DVT IDE for Visual Studio Code is an integrated development environment that significantly improves productivity of hardware design and verification engineers who are working with languages like Verilog, SystemVerilog, or VHDL. This video focuses on how design engineers can benefit from the features provided by DVT.

00:00 Introduction
06:37 DVT Compilation
09:25 Design Exploration
18:17 Code Navigation
22:52 Quick Fixes
26:23 IntelliSense
30:07 Code Formatting & Refactoring
33:34 Tasks
34:58 Source Code Management
36:09 Contact Us

DVT IDE for Visual Studio Code: https://dvteclipse.com/products/dvt-ide-for-visual-studio-code
Visual Studio Code: https://code.visualstudio.com/

You can install DVT IDE from Visual Studio Marketplace using ext install amiq.dvt command.

Visual Studio Code documentation resources:
Cheatsheet: https://code.visualstudio.com/docs/getstarted/keybindings#_keyboard-shortcuts-reference
Basic Editing: https://code.visualstudio.com/docs/editor/codebasics
Extension Marketplace: https://code.visualstudio.com/docs/editor/extension-marketplace
Version Control: https://code.visualstudio.com/Docs/editor/versioncontrol
Tasks: https://code.visualstudio.com/Docs/editor/tasks

This video was shot using DVT 22.1.1

Transcript

Introduction

First, we'll cover some VS Code basics. Then, we'll see how DVT analyzes code as you type in order to provide instant compilation errors and maintain an up-to-date model of the design, which is then used by all the other features of the tool. We'll then talk about visualization techniques using structured views and diagrams, and about seamless navigation around code. Next, we'll cover how DVT can help with fixing all sorts of compilation problems, and how context-sensitive autocomplete, code formatting, and refactoring can help you write high-quality code fast. In the end, we'll catch a glimpse of DVT VS Code integrating with external tools and source code management.

Overview of Visual Studio Code GUI Features

User Interface

The user interface is divided into five areas: Editor, Sidebar, Activity Bar, Status Bar, and the Panels area.

Editor

The editor is where you spend most of your time coding. On the right there is a mini-map, a high-level overview of the file content, useful for quick navigation within the file. Another navigation bar, the breadcrumb, sits above the editor contents. It shows the current location and allows you to quickly navigate between folders, files, and the elements or symbols defined within the current file.

Editors can be freely split and moved around. Any basic text editing operation you would expect from a text editor is there, including vertical selection, multiple cursors, code folding, find and replace with regex across multiple files, and so on.

However, we will not cover such functions, but rather focus on DVT-specific features. Check the video description for a link to the VS Code User Guide section that covers basic editing.

Sidebar and Activity Bar

The Sidebar shows different views that assist you while working on your project. The views presented in the Sidebar change anytime you use the Activity Bar.

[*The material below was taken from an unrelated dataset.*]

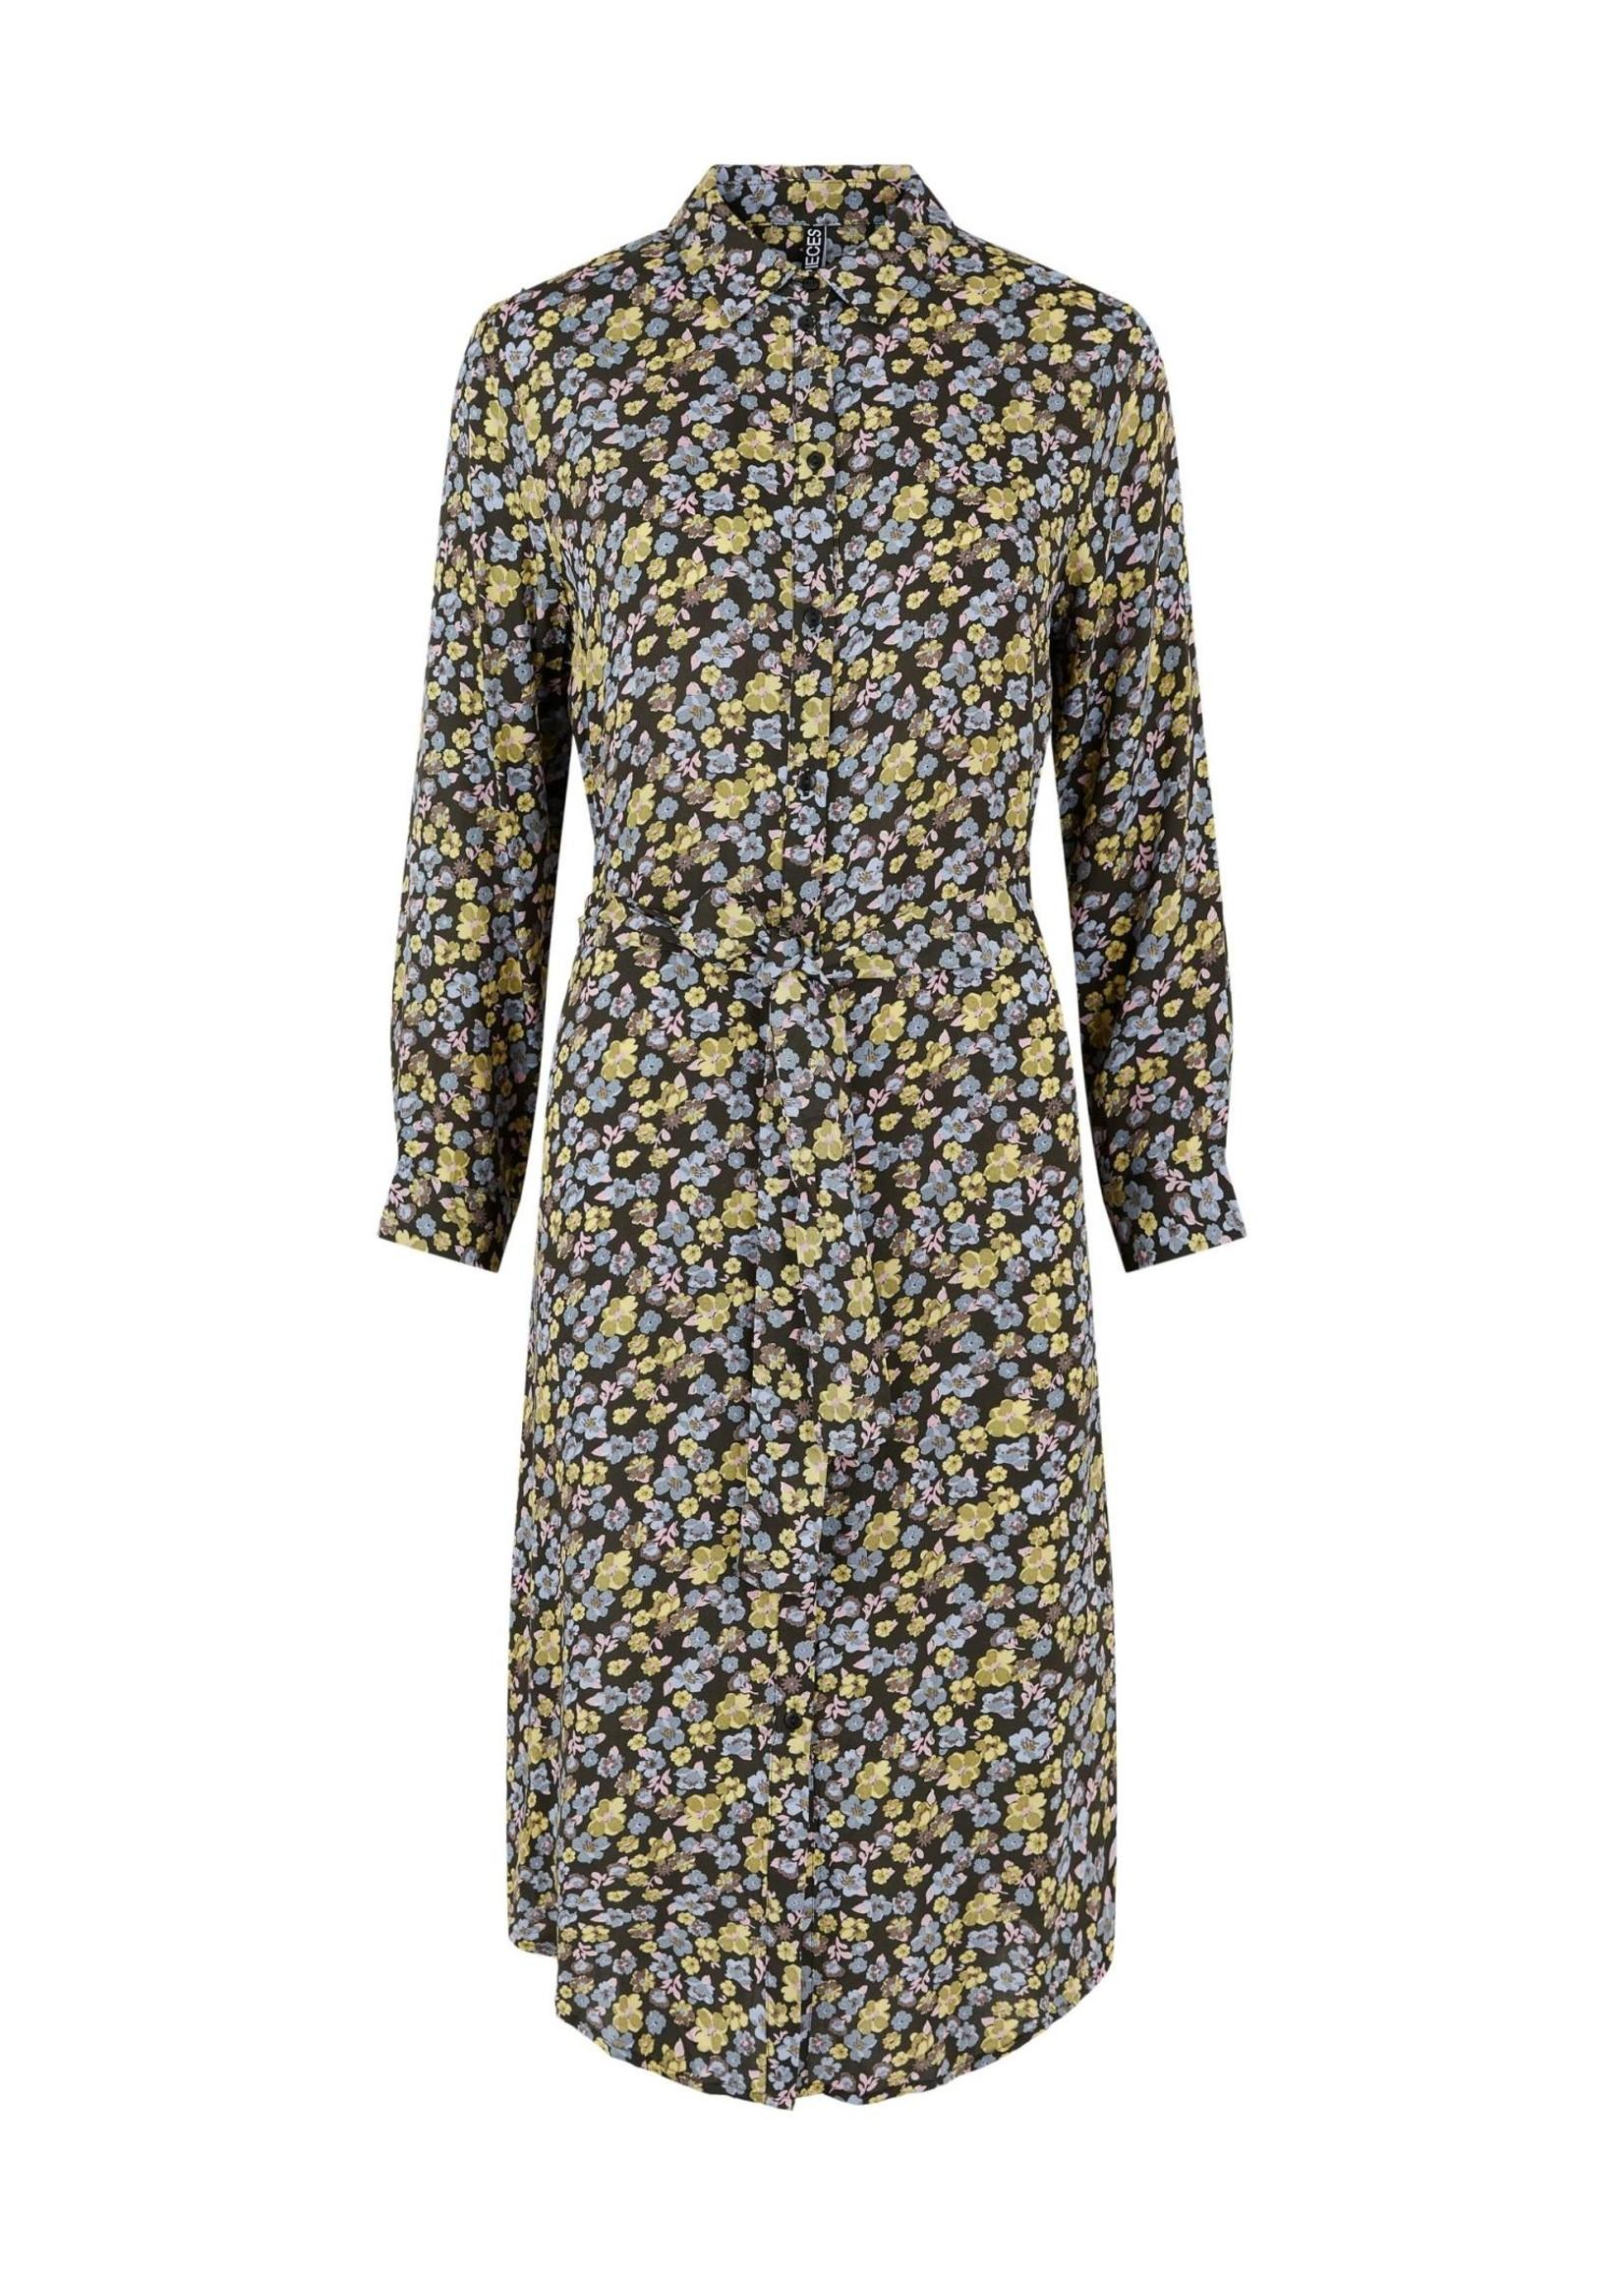 PIECES ELLIA 7/8 MIDI SHIRT DRESS PB BC rosin flowers

When selecting the Explorer activity, the Sidebar presents a file browser, and the content outline of the currently edited file. Particularly for a SystemVerilog design file, we see the module, ports, signals, and so on.

When selecting the Source Control activity, the Sidebar presents revision control changes.

When selecting the Extensions activity, the Sidebar presents the installed and recommended extensions. Now, since we're here, it is worth mentioning that you can search and install extensions. For example, for emulation modes like VI, Emacs, or Eclipse.

In the Activity Bar, you will also find the DVT activity, which provides various compilation-related views, as well as the Design and Verification Hierarchies. We'll talk about them in more detail later.

Status Bar and Panels Area

The Status Bar, located at the bottom of the window, displays information about the project and the currently active file in the editor.

Finally, below the editor is the Panels area, where you can find the Problems View, Output, Debug Console, and an integrated Terminal.

Command Palette

The Command Palette, which is usually brought up by using the Ctrl + Shift + P shortcut, provides quick access to most, if not all, of the tool functionality. It shows all available commands along with their shortcuts, with the most recently used ones at the top of the list.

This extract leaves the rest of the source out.